Hi. I am Divorced and have a 4 year old daughter. My ex is believed to have a Personality Disorder - so it has been a rough road since we split when my daughter was age 2 years and 4 months. Anyways.... the latest is that he won't follow a set Visitation Schedule. This is bad for my daughter because when he doesn't show up for Visitation, she is diappointed. And the few times that we do make contact - he has lame excuses about going to the Gym, or Parties, or 'still being asleep.' I am wondering what is worst: Scenario 1 where my daughter sees her Father whenever he 'feels' like it which will subject her to chronic disappointment because he will flake all the time, or Scenario 2 where I hold him to follow the court order which requires a set Visitation Schedule which has resulted in his just not seeing her at all for 4 weeks now which I fear may result in his just not seeing her ever again altogether... ??? Which is worst? What do I do?
Submitted: 4 years ago.
Category: Parenting
Expert:  earthsister replied 4 years ago.

earthsister :

Good evening/early morning, I will do my best to assist you.

Customer:

ok

earthsister :

Decisions that involve another parent and custody/visitation can be rough, I can relate. My honest opinion is that every child needs a father in his or her life; as long as his presence is not harming the child, a child needs to know and have interaction with both parents in order to have the best opportunity at understanding themselves as they grow into adulthood.

Customer:

hmmm

Customer:

i agree

Customer:

but he flakes 24/7

Customer:

that is emotional harm

earthsister :

How has your daughter been holding up without seeing him these past four weeks?

Customer:

big time

Customer:

no?

Customer:

she has been donig okay

Customer:

asks for him here and there

Customer:

but i told her

Customer:

he went on a trip

Customer:

for a while

Customer:

so she at least thinks

Customer:

he is away for good reason

earthsister :

no phone calls or anything from him?

Customer:

he stopped by twice

Customer:

two saturdays ina row

Customer:

but did weird stuff

earthsister :

ok, that's a start.
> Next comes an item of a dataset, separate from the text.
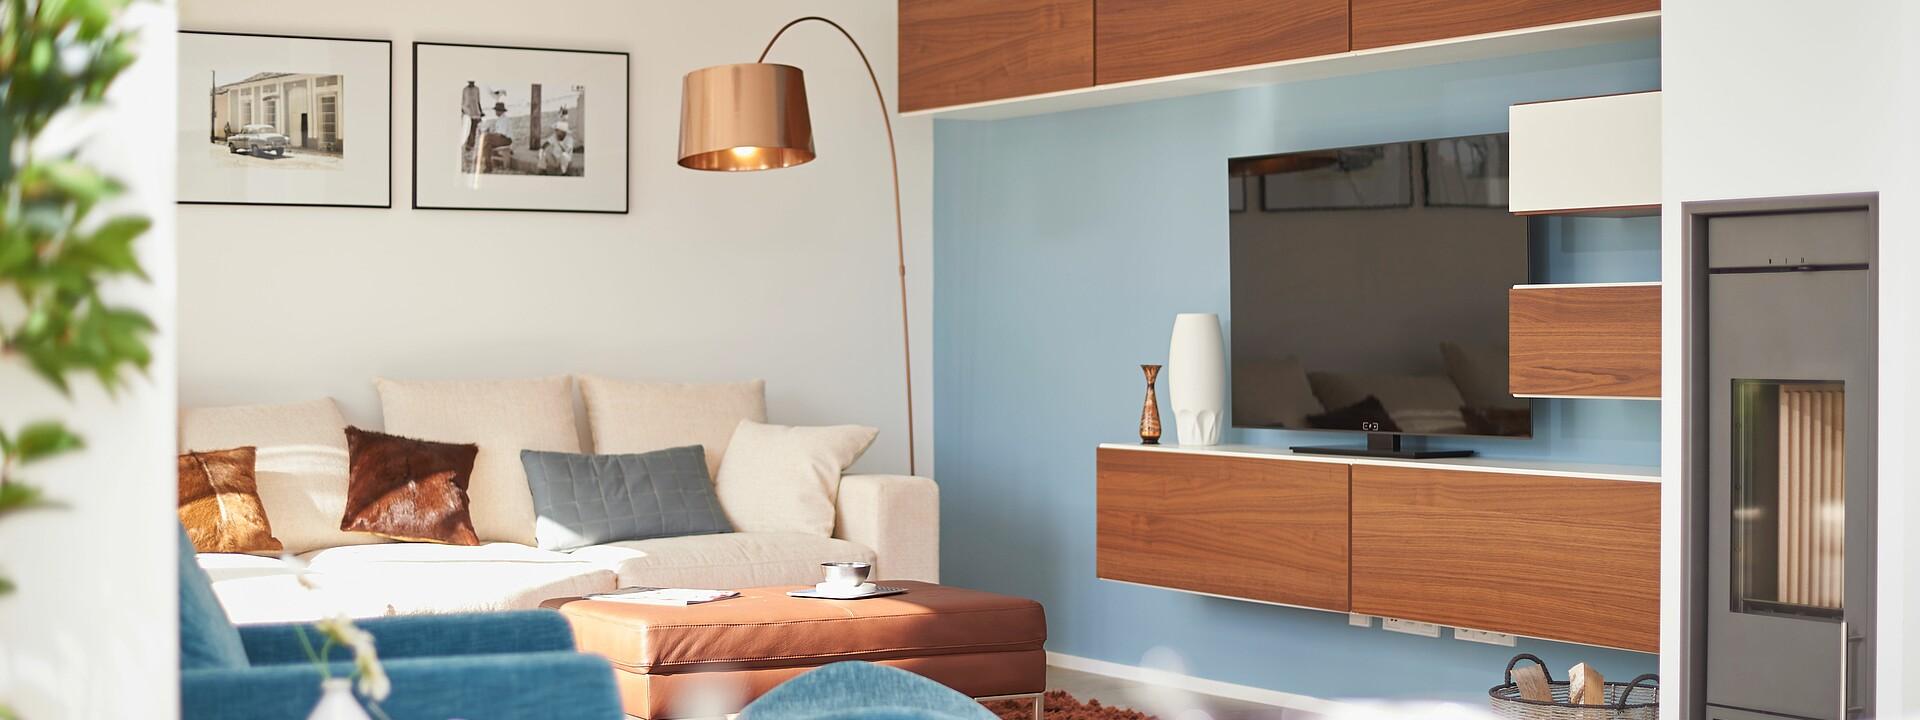 wohnzimmer in einem fertighaus von hanse haus
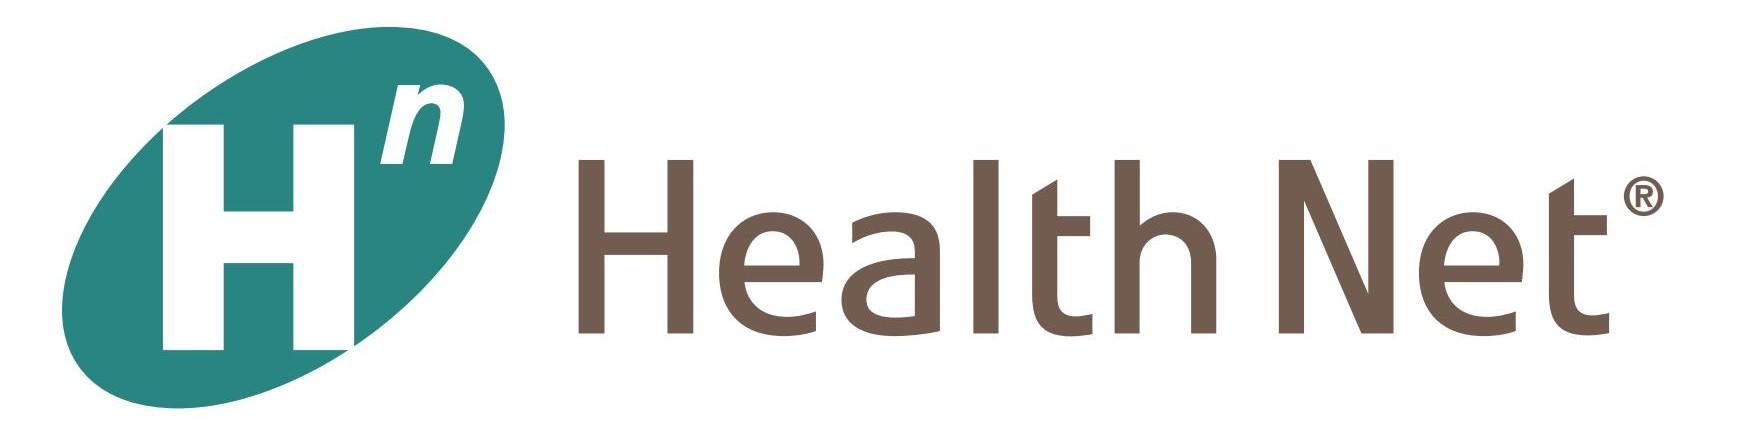 health-net-logo.jpg

Did he see her?

Customer:

like dropped off a dollhoues

Customer:

unassebled

Customer:

with my friend who answered the door

Customer:

also a note in crayon in the mailbox

earthsister :

was it a new doll house? a gift?

Customer:

saying daddy loves you

Customer:

and some health insurance cars

Customer:

a gift

Customer:

yes

Customer:

unassembled

earthsister :

awe. he loves her!

Customer:

he does

Customer:

a lot

Customer:

but he has deep anger management issues

Customer:

and a huge ego

Customer:

he hates me

Customer:

and is letting her suffer

Customer:

just because i am holding him to a scheudle

earthsister :

I definitely would say, give him time. Talk to him

Customer:

he cut me off

Customer:

when we split

Customer:

does not talk to me

Customer:

only mean texts and emails

Customer:

i have had friends reach out as well

earthsister :

Men hate to be told when they can and cannot see their child

Customer:

saying hey - can you set a time to see her

Customer:

and he won't respond to them

Customer:

well kids hate when their dad's flake

Customer:

and it is damaging

earthsister :

that is true

earthsister :

trust me, I have been though a similar scenario

earthsister :

Give him time. Don't restrict his ability to see his daughter. He obviously loves her very much. Talk to him, calm and honestly if you can. Let him know that it's not about him nor you, but about your daughter; and that she needs him in her life

earthsister :

It is worse for a child to not be with their parent; if it takes bowing to him, so that the court order is not followed; if that what it takes to get him back with his daughter, so be it. Again, it is not about you, nor him, but about your daughter.

Customer:

i have tried

Customer:

he doesn't talk to me

Customer:

he hangs up

Customer:

i have almost lost my job

Customer:

because of the frequency with which he flakes

Customer:

and

Customer:

doesn't follow the schedule

Customer:

my child's heart has been broken on countless occassions

earthsister :

Is this the court ordered schedule that you are saying he isn't following?

Customer:

there is a court ordered schedule

Customer:

but since then i asked for a shchedule that works for him.

earthsister :

ok

earthsister :

so is he not following that schedule?

Customer:

no

earthsister :

maybe the problem is strictly with the courts.

earthsister :

maybe he doesn't want them involved at all.

Customer:

it doesn't matter what he wants.

Customer:

tanks for trying to help

Customer:

i am loggin off now.

earthsister :

I am sorry that I was unable to help with a solution this time. My final suggestion is to do what it takes to make sure that your daughter has a relationship with her father. If it means losing the court order, so that he feels confident in his own position as a man, and as a father to make decisions involving his child; including when he will see her, that is what I recommend. It seems that he obviously loves his little girl very much. It's always unfortunate when a break up between a man and a woman leaves a child stranded in the middle; again I can relate. I wish you all the best. If there is any way that I can be of further assistance. Please let me know.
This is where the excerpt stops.